## Your goal
Your response should contain exactly the lines running from the one with "INCOLOR Eyeshadow" to the end of the data below, both included, and no pictures.

## Given material
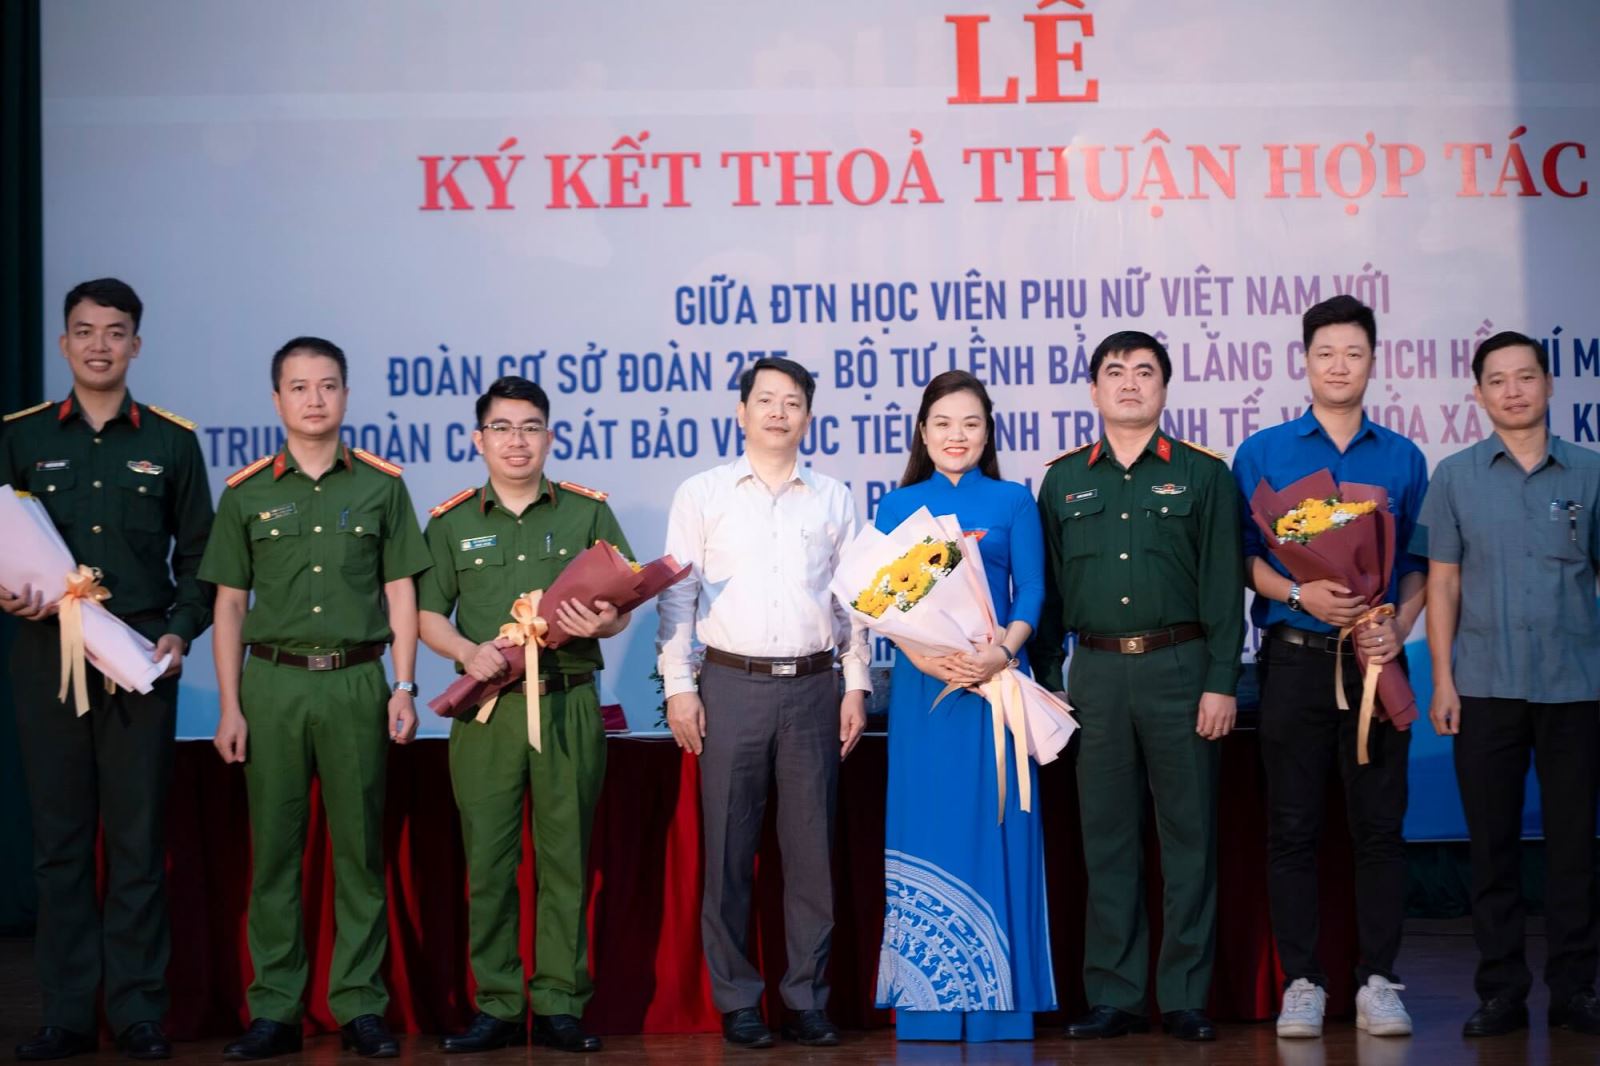 Học viện Phụ nữ Việt Nam phối hợp tổ chức các hoạt động đoàn thanh niên, sinh viên
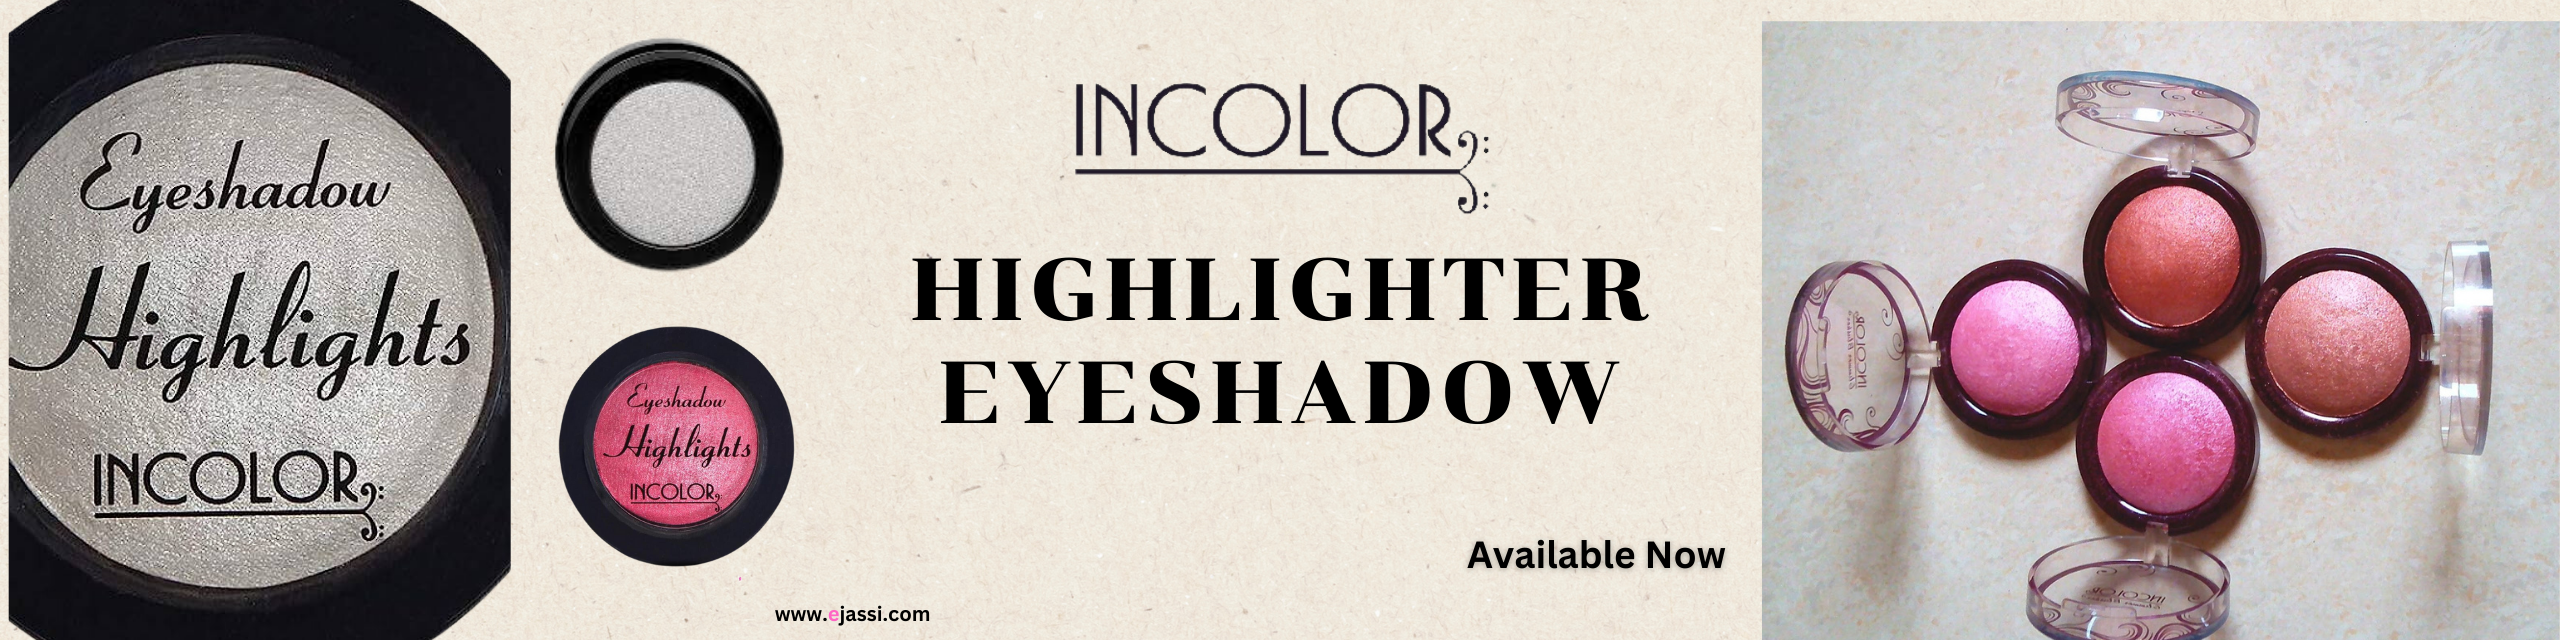 INCOLOR Eyeshadow
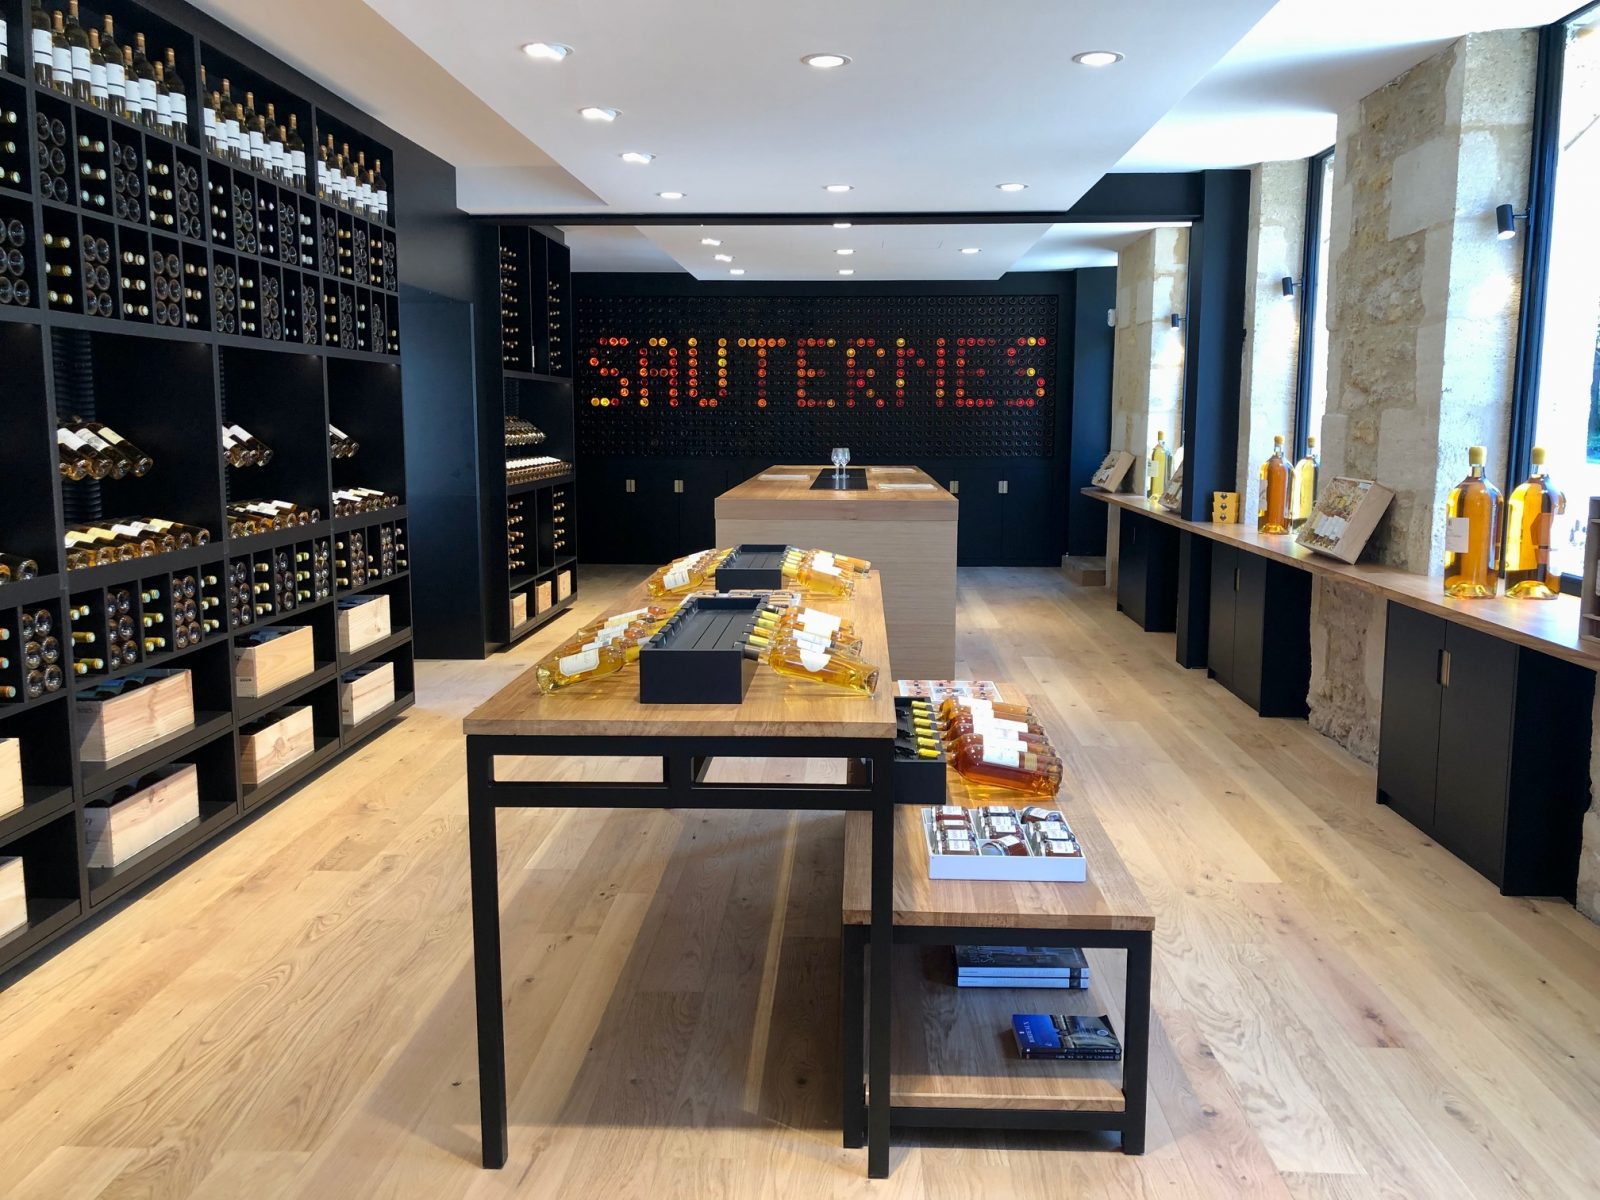 Haus von Sauternes – SAUTERNES – Süd-Gironde

## Final answer
 INCOLOR Eyeshadow
 Haus von Sauternes – SAUTERNES – Süd-Gironde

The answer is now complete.